DATASET EXCERPT
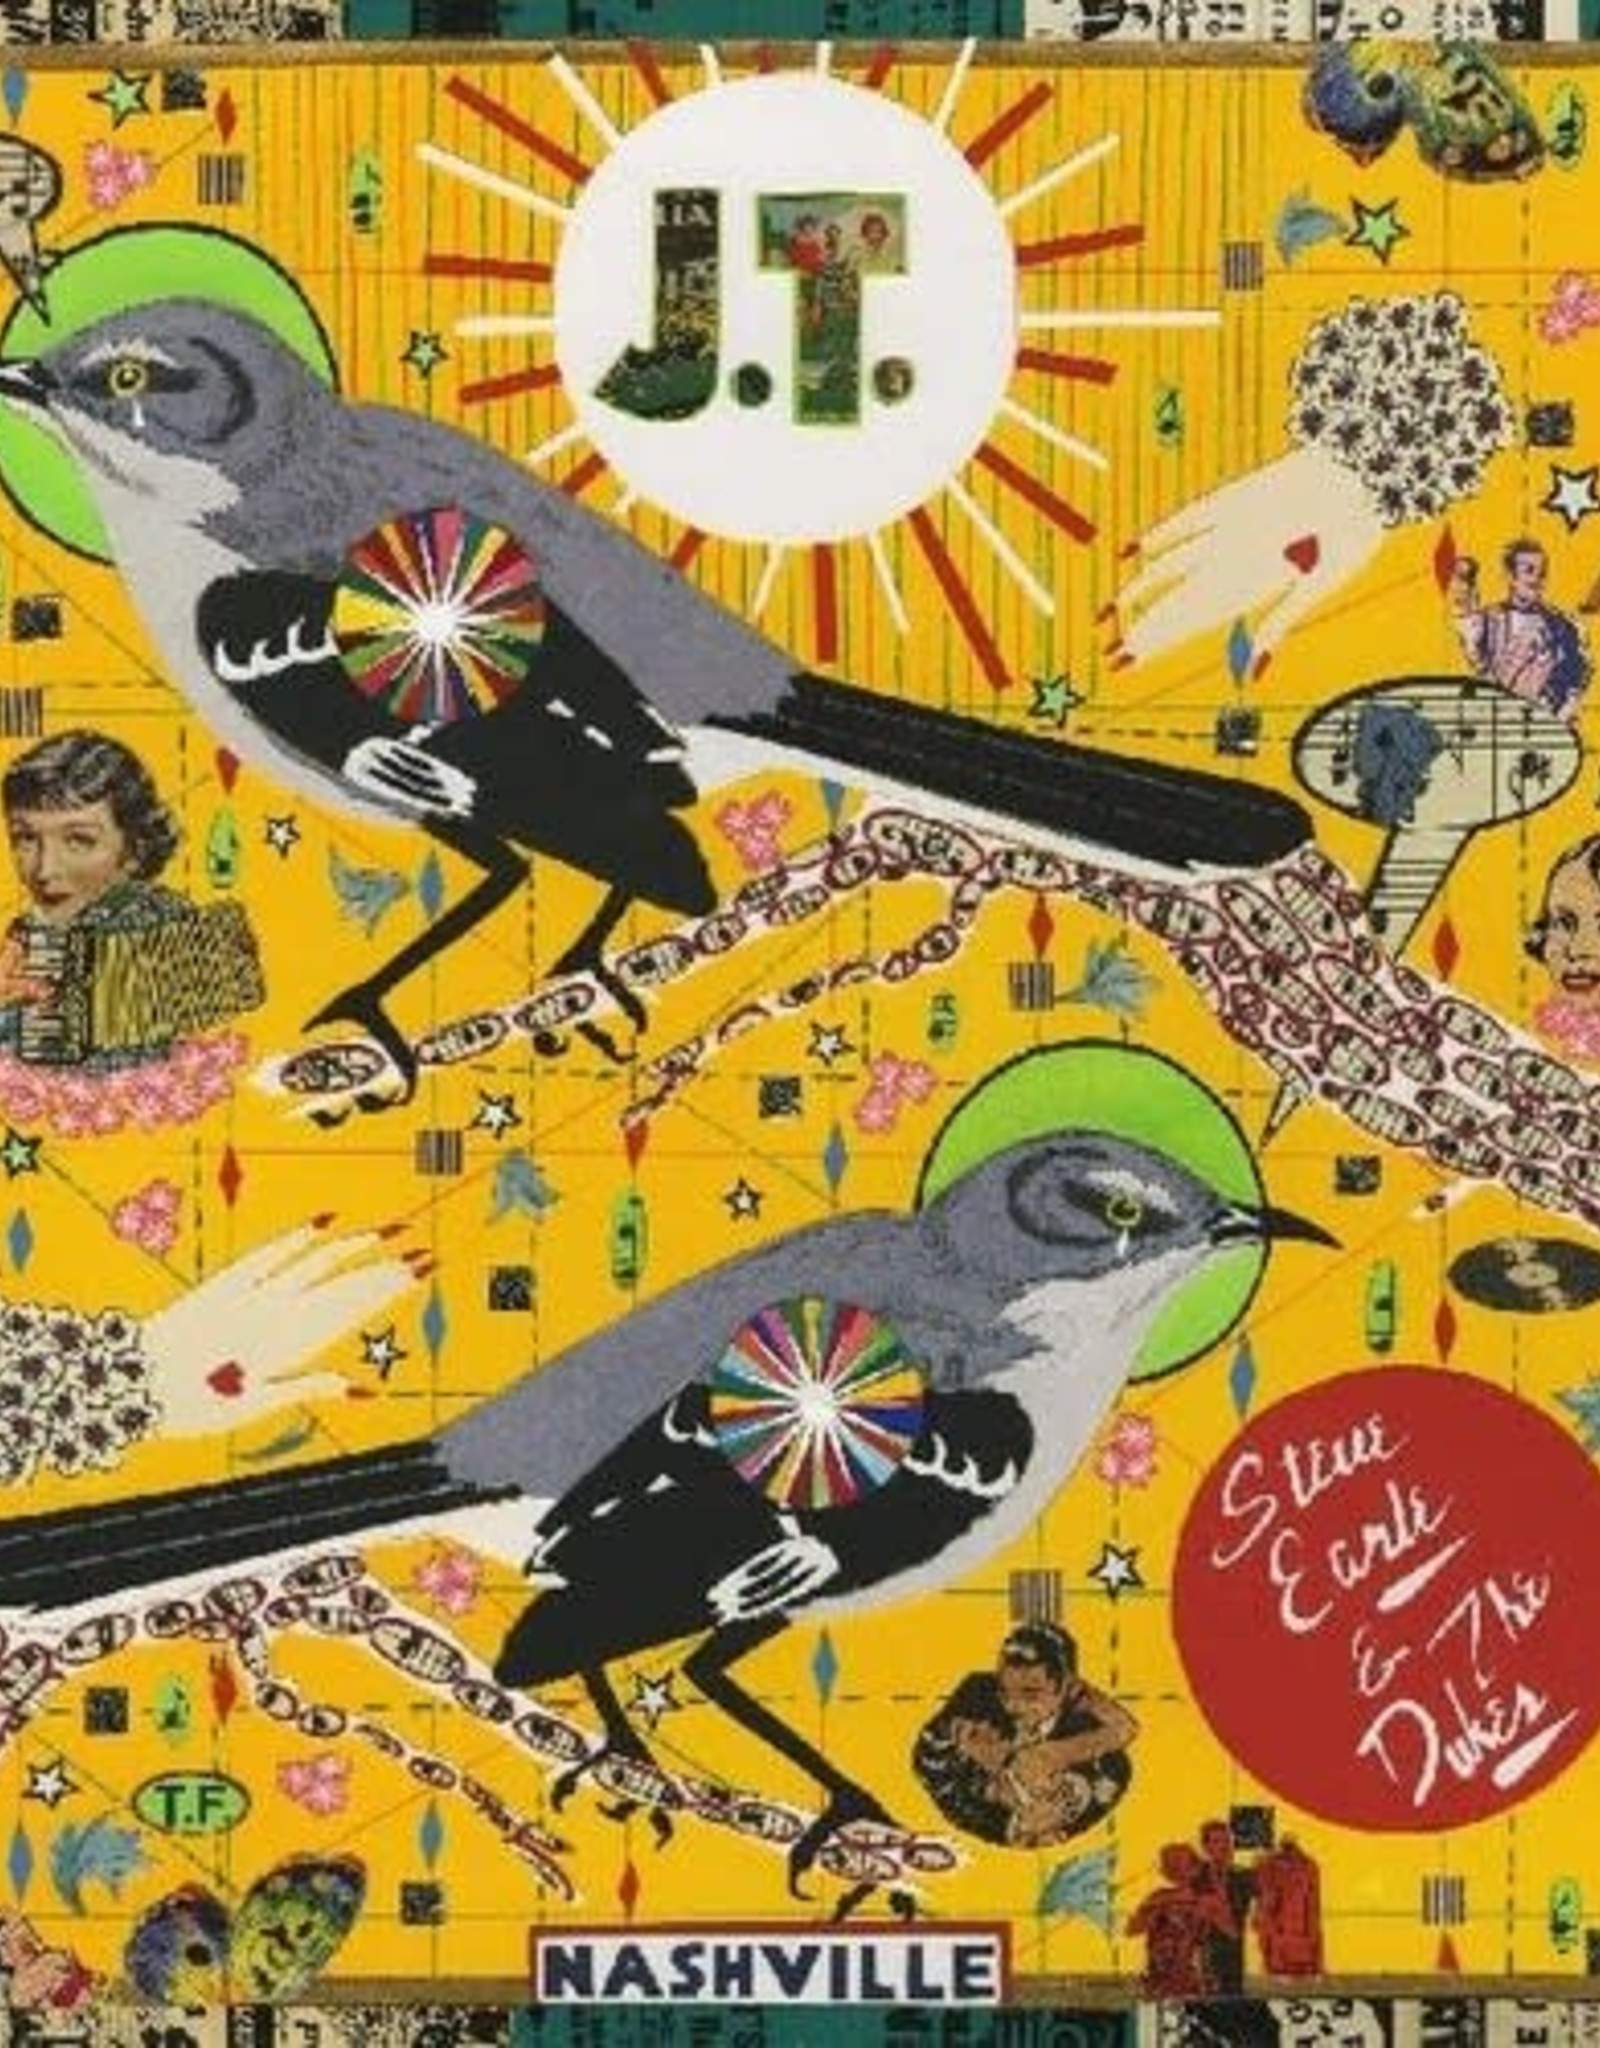 Steve Earle & the Dukes - J.T. (color vinyl)
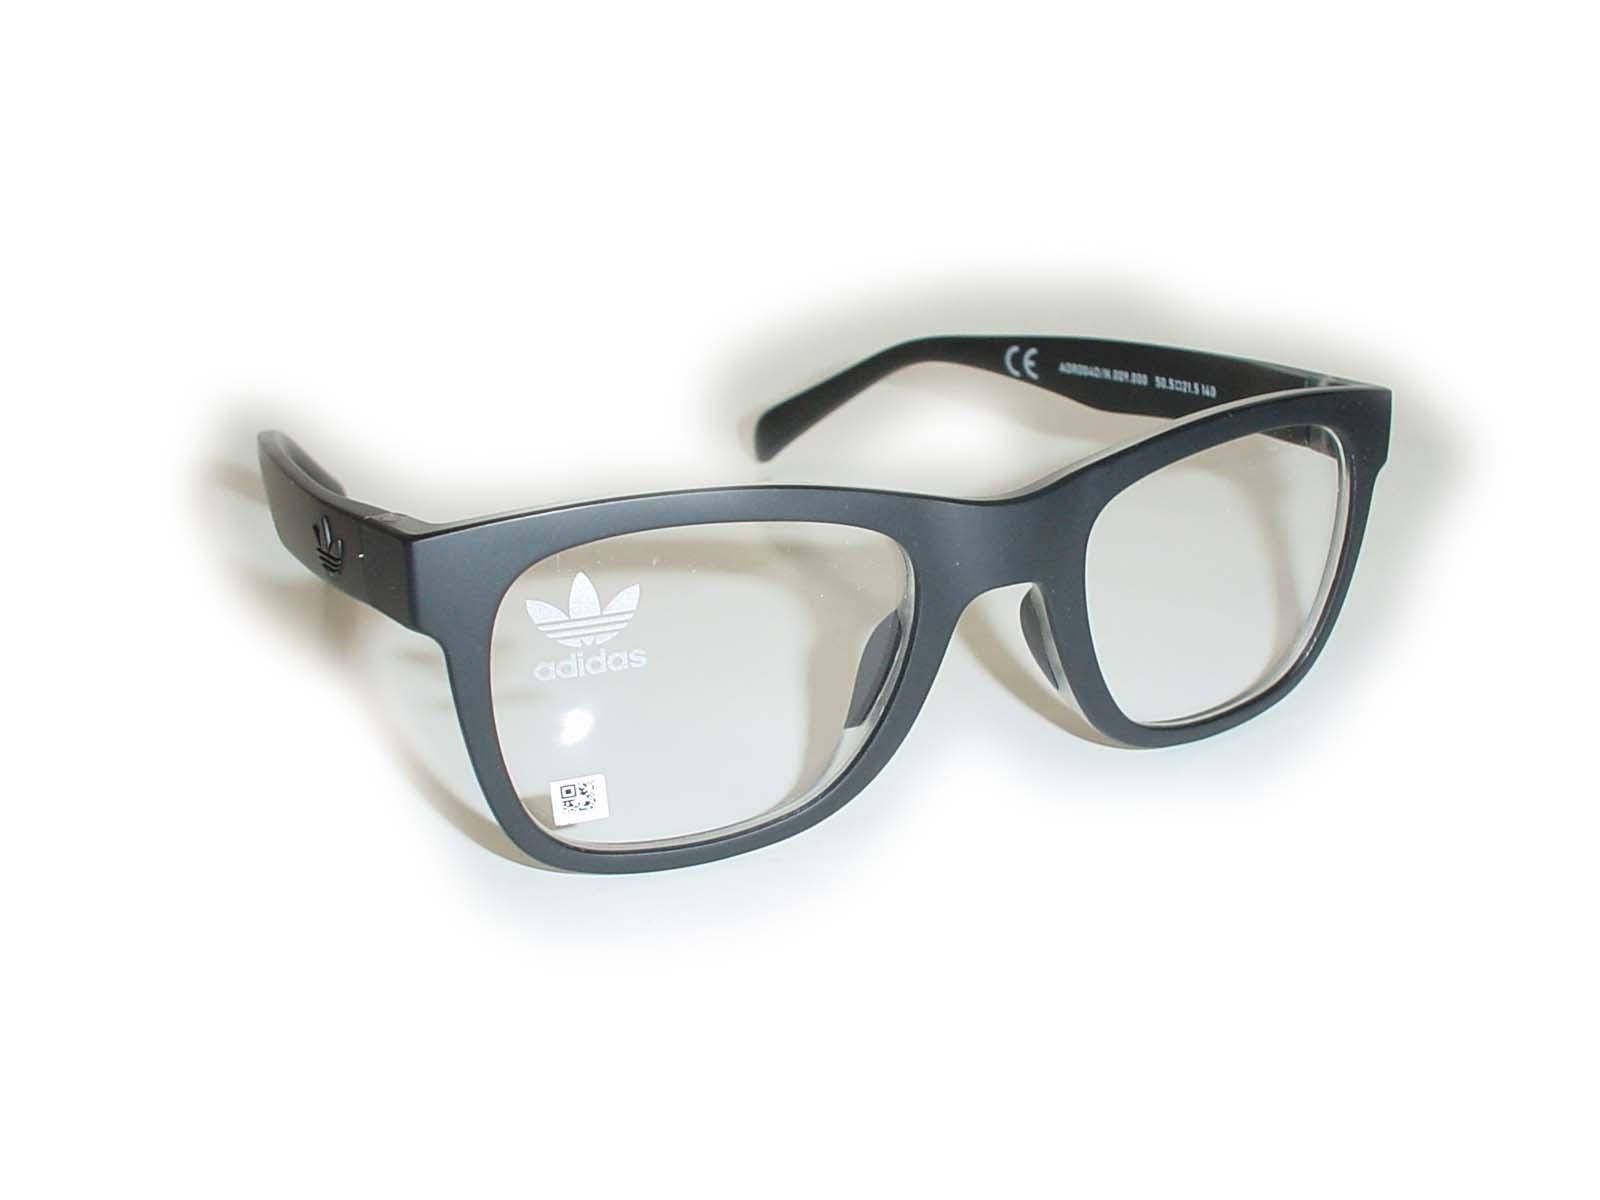 ★adidas(アディス)★AOR0040/N50.5□21.5-140COL.009.000ブラック超薄型非球面レンズ付
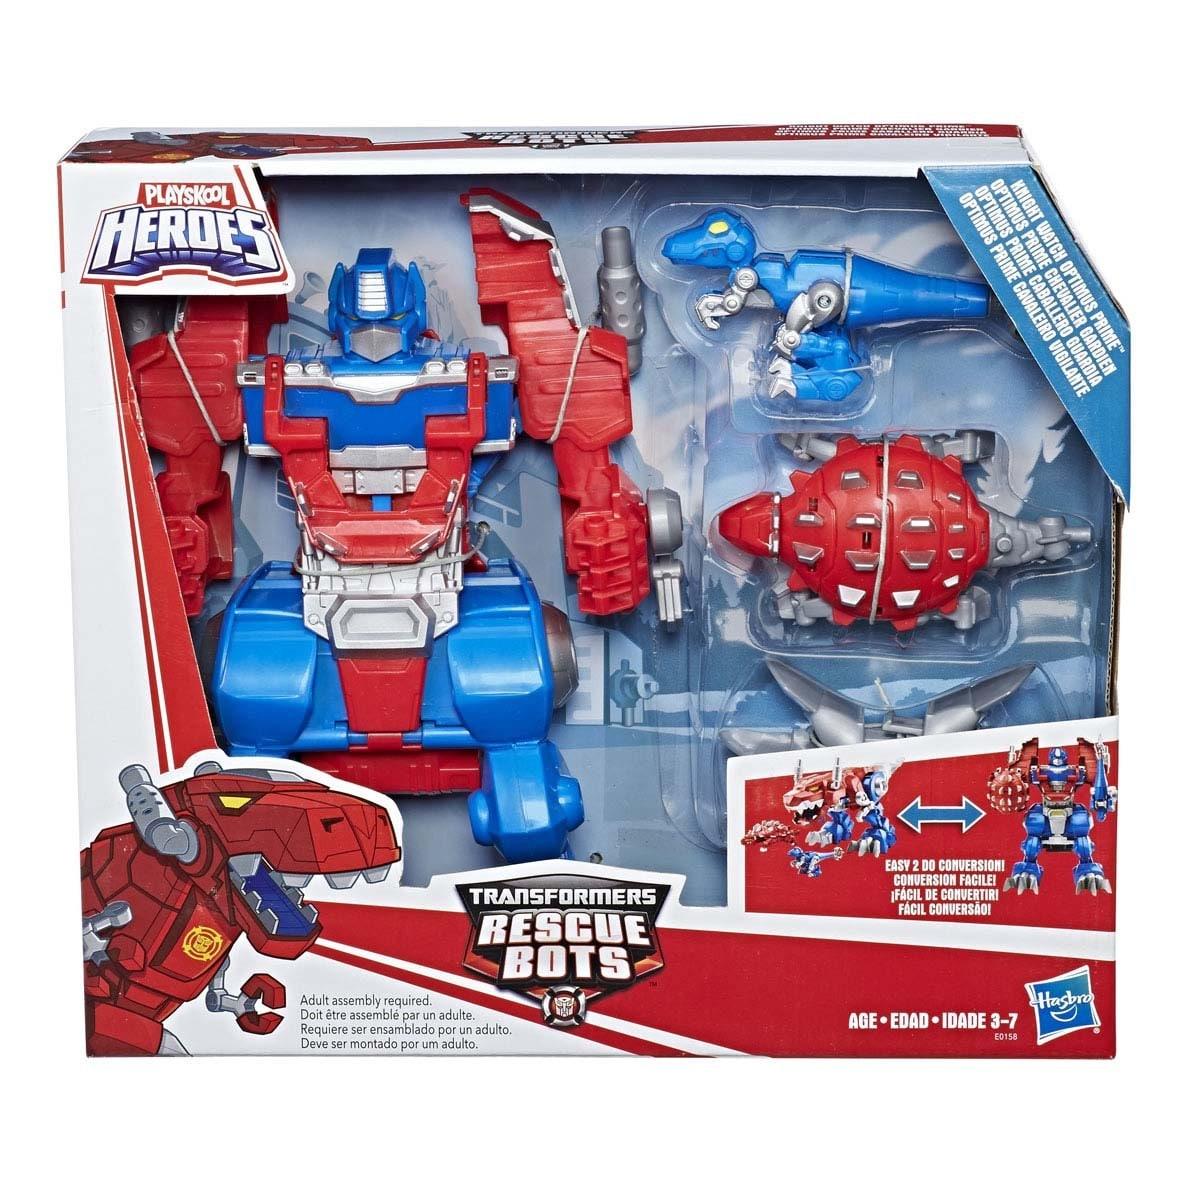 Optimus Guardia Transformers Prime Hasbro Heroes Playskool Caballero nwv8Nm0O
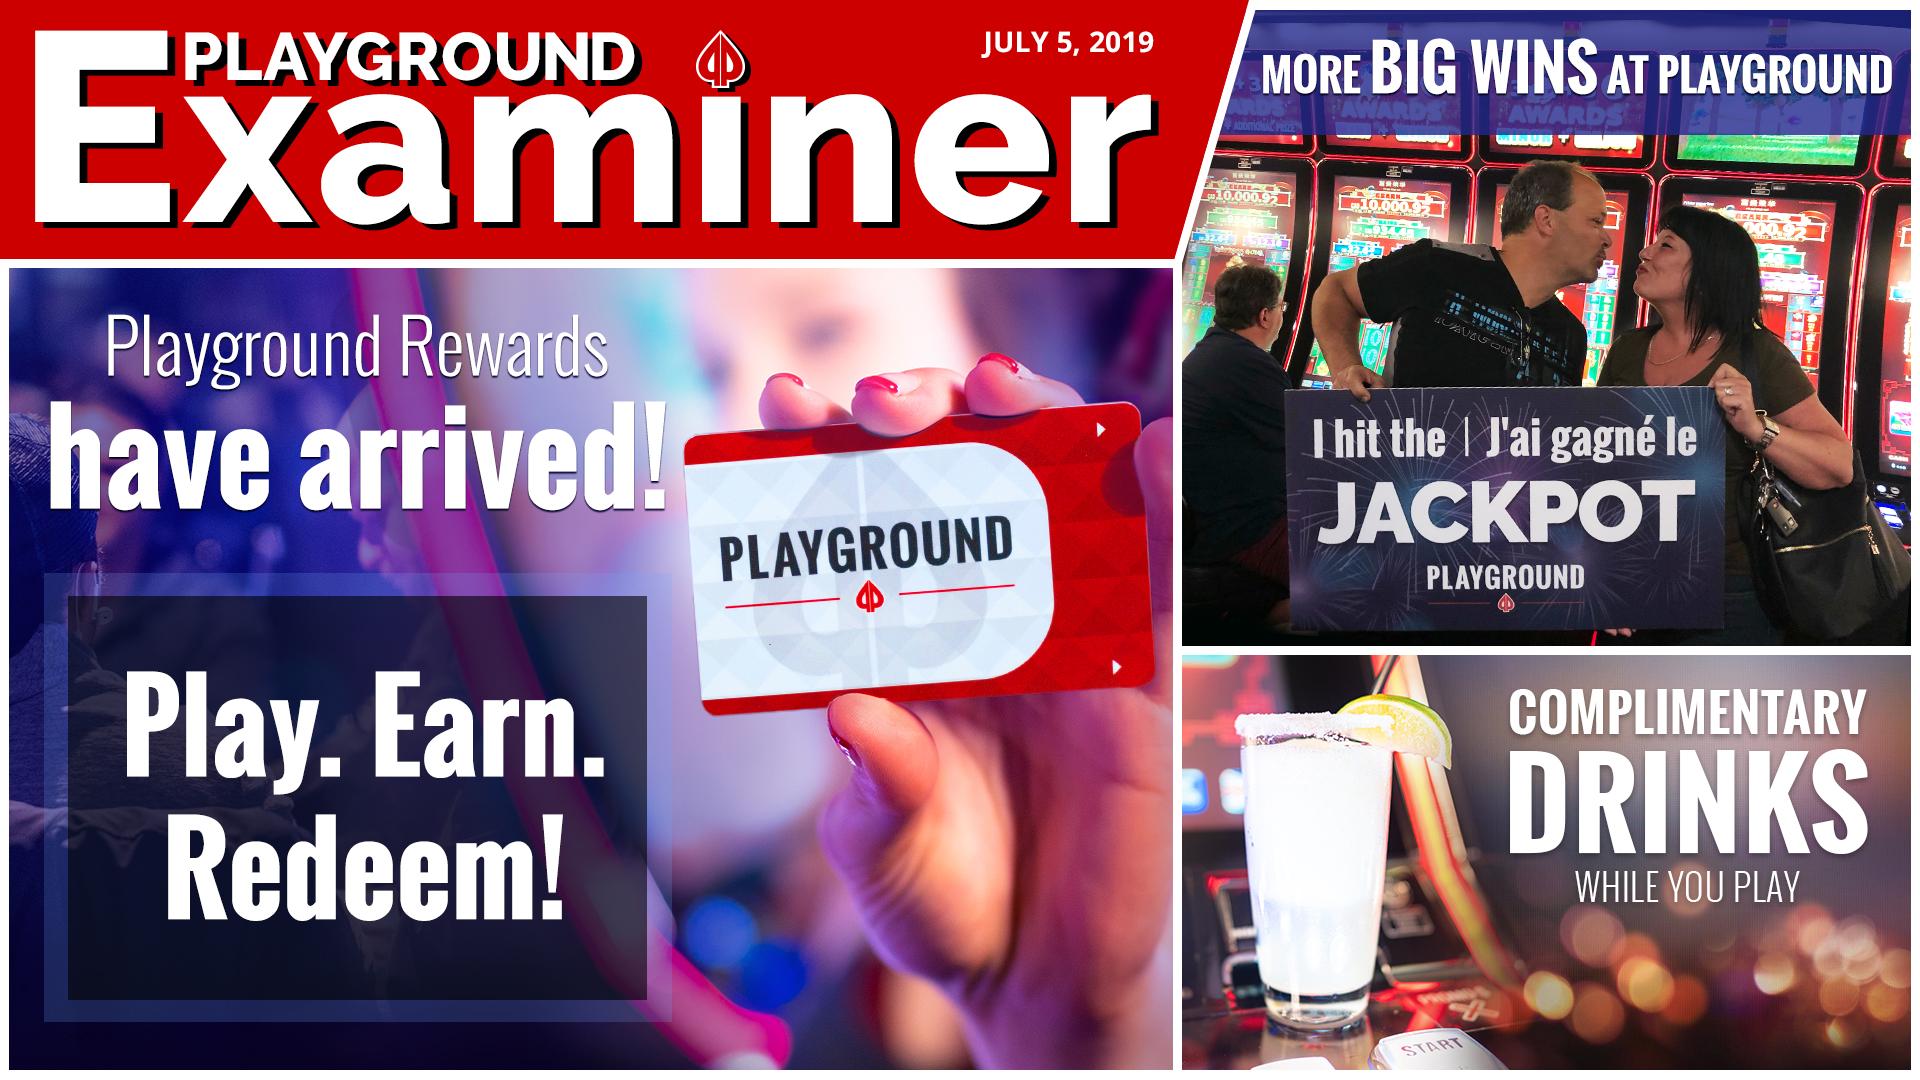 Playground Rewards have arrived!

WHAT YOU NEED TO DO
Set down all of the material word for word, but keep each picture out.

RESPONSE AREA
 Steve Earle & the Dukes - J.T. (color vinyl)
 ★adidas(アディス)★AOR0040/N50.5□21.5-140COL.009.000ブラック超薄型非球面レンズ付
 Optimus Guardia Transformers Prime Hasbro Heroes Playskool Caballero nwv8Nm0O
 Playground Rewards have arrived!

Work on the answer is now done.